Introduction1,2
Schizophrenia is one of the most enigmatic and devastating psychiatric illnesses, affecting nearly 24 million people worldwide. First formally described in the late 19th century by Emil Kraepelin as dementia praecox—a premature mental decline—it was later reframed by Eugen Bleuler, who coined the term schizophrenia (“split mind”) to reflect the fragmentation of thought, perception, and emotion.
The condition is not, as often misconstrued, a “split personality.” Instead, it is a disorder of integration, where brain networks fail to synchronize reality, leading to hallucinations, delusions, disorganized thought, and emotional flattening. Let me explain this complexity
The illustartion above categorizes “schizo-” related conditions into two groups:
Personality Disorders (schizoid, schizotypal) (…additional context is provided in the sidebar.”)
Personality disorders are enduring patterns of maladaptive behaviors, cognitions, and emotions that impair functioning. They are common in high-risk groups (e.g., incarceration, young males, low education). In those diagnosed before age 18, symptoms must persist for >1 year to establish a diagnosis. They are divide into following clusters.
Cluster A:
Paranoid Personality Disorder:
- Distrustful, suspicious, and accusatory;
- Interpret others’ motives as malevolent.
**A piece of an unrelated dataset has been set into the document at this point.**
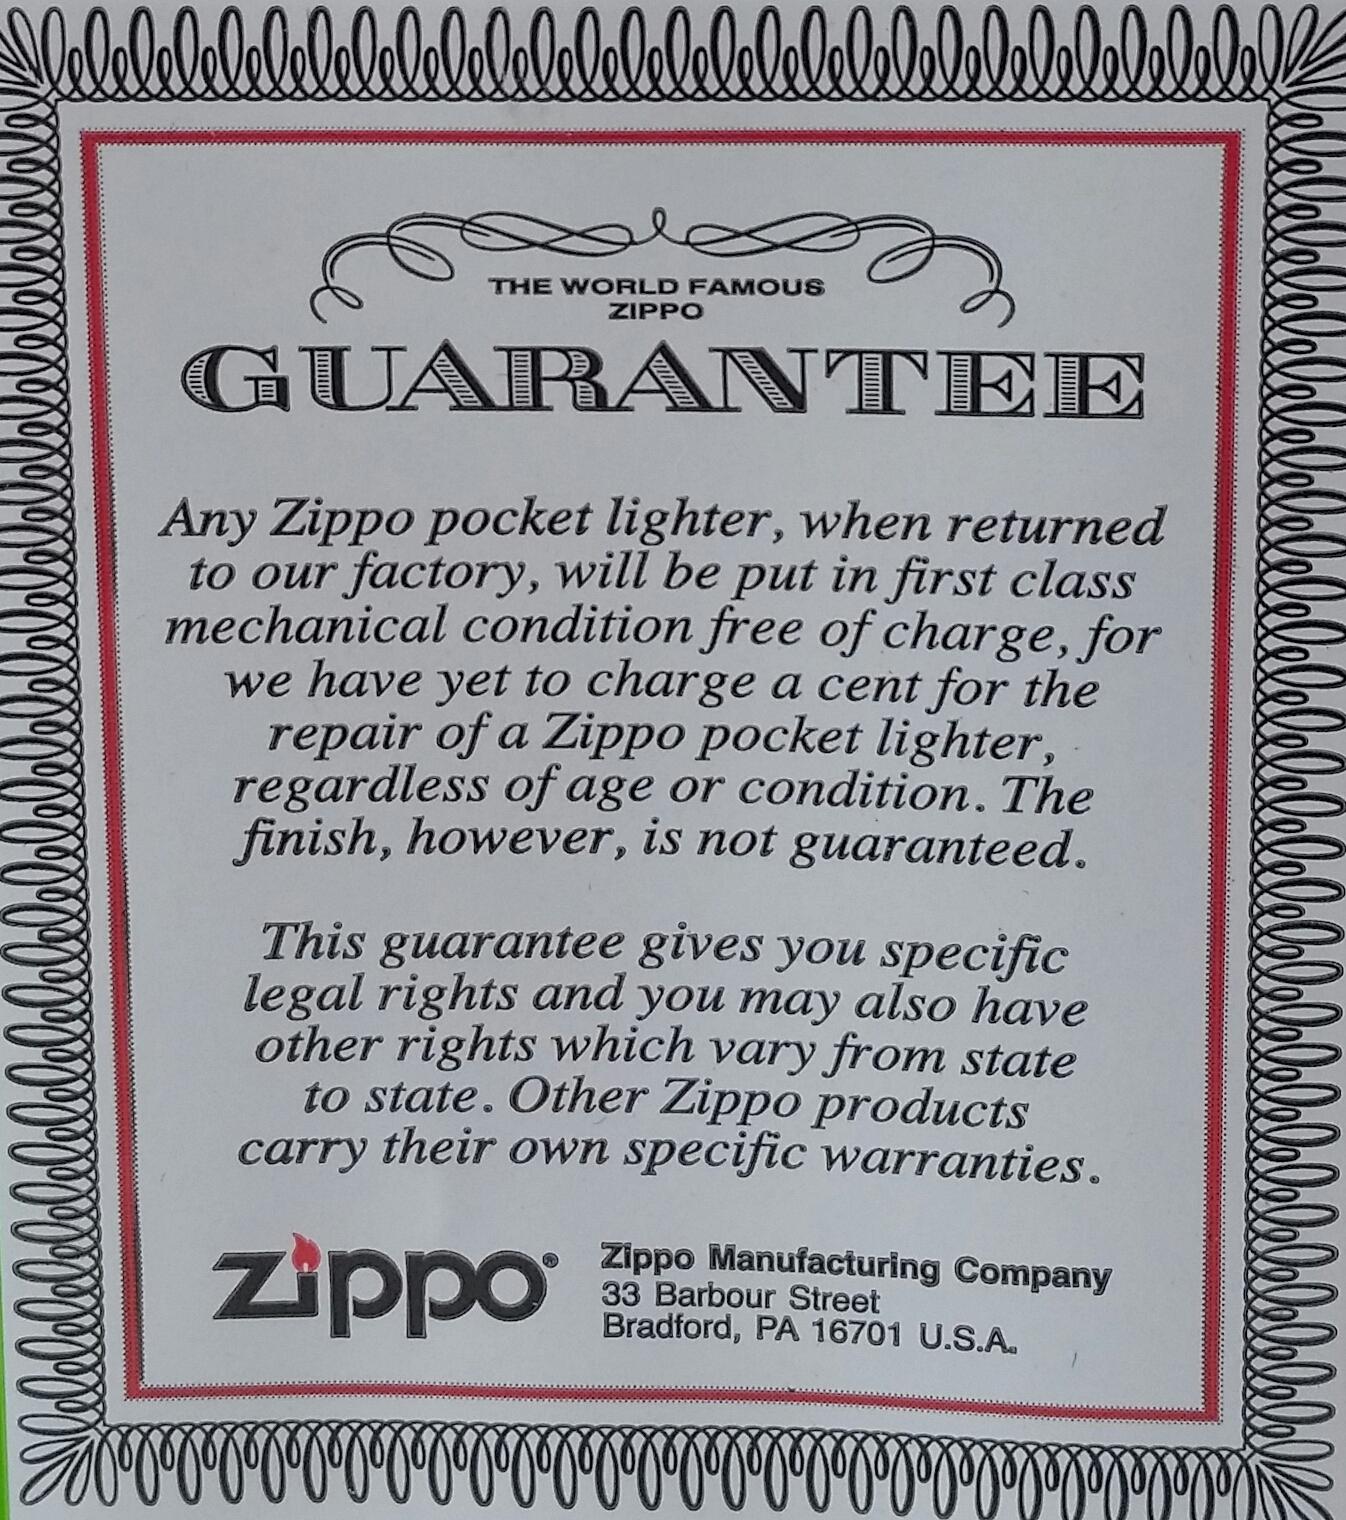 Zippo Guarantee

- Reality testing remains intact (vs. psychotic disorders)
Schizoid Personality Disorder:
- Socially detached, reclusive with blunted affect and indifference to praise or criticism.
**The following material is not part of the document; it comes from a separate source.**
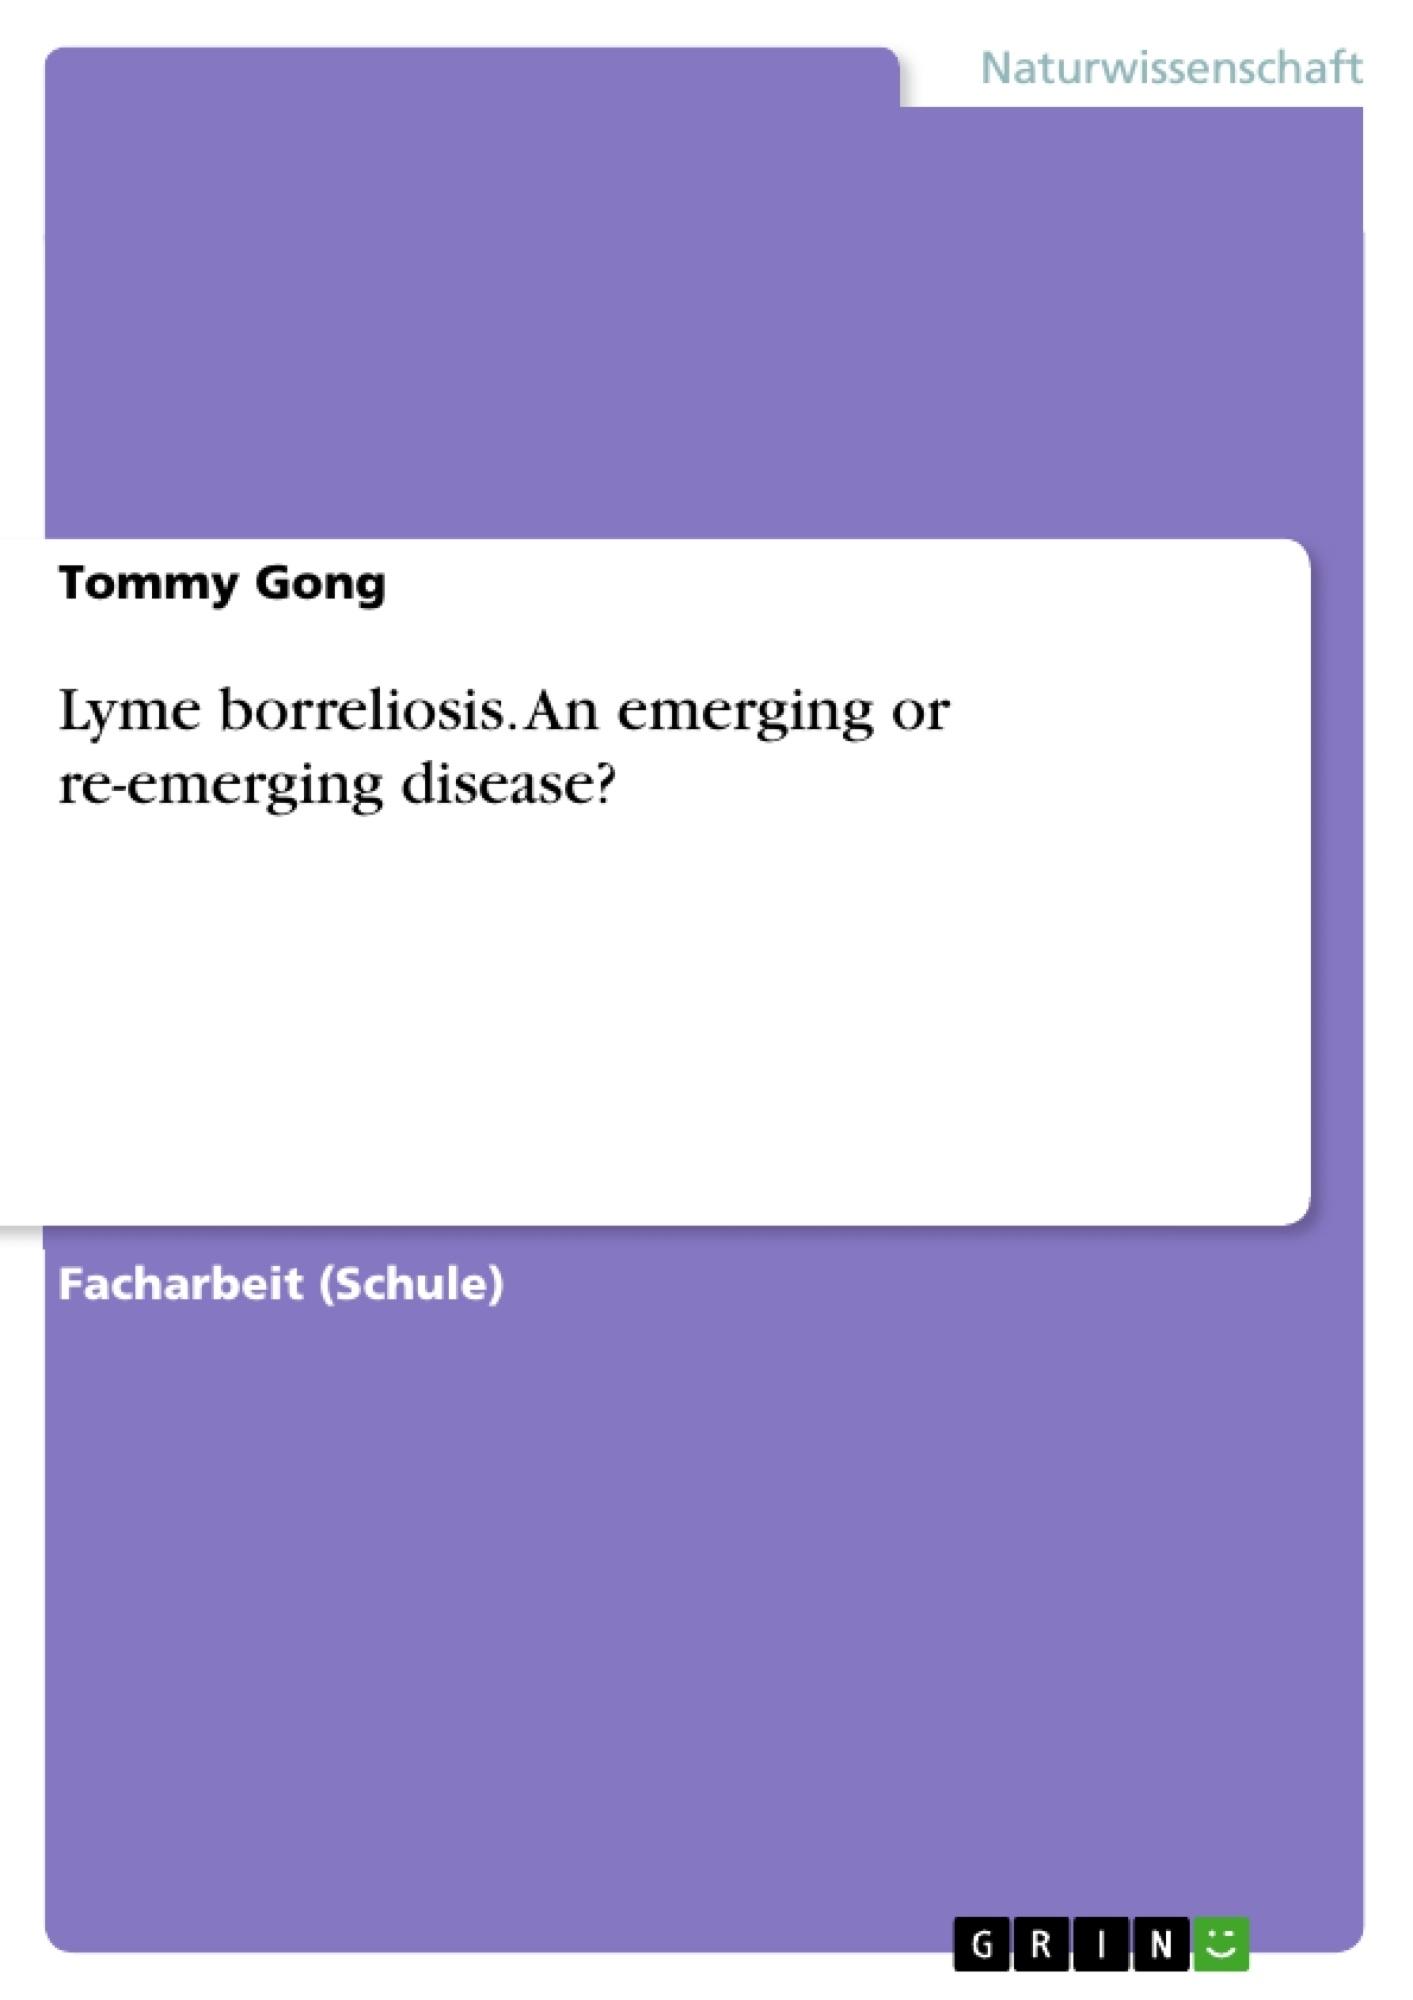 Titel: Lyme borreliosis. An emerging or re-emerging disease?

- Prefer solitary activities.
- No motivation for relationship (Vs Avoidant)
Schizotypal Personality Disorder:
- Eccentric behavior, odd beliefs or magical thinking, and interpersonal deficits.
- Considered a bridge between personality and psychotic disorders.
Cluster B:
Borderline Personality Disorder:
- Marked by unstable mood, self-image, and relationships.
- High risk of self-harm,
- use of “splitting” (seeing others as all good or all bad), and chronic interpersonal difficulties.
Histrionic Personality Disorder:
- Excessively emotional and attention-seeking
- often overly concerned with appearance and sexualized behavior.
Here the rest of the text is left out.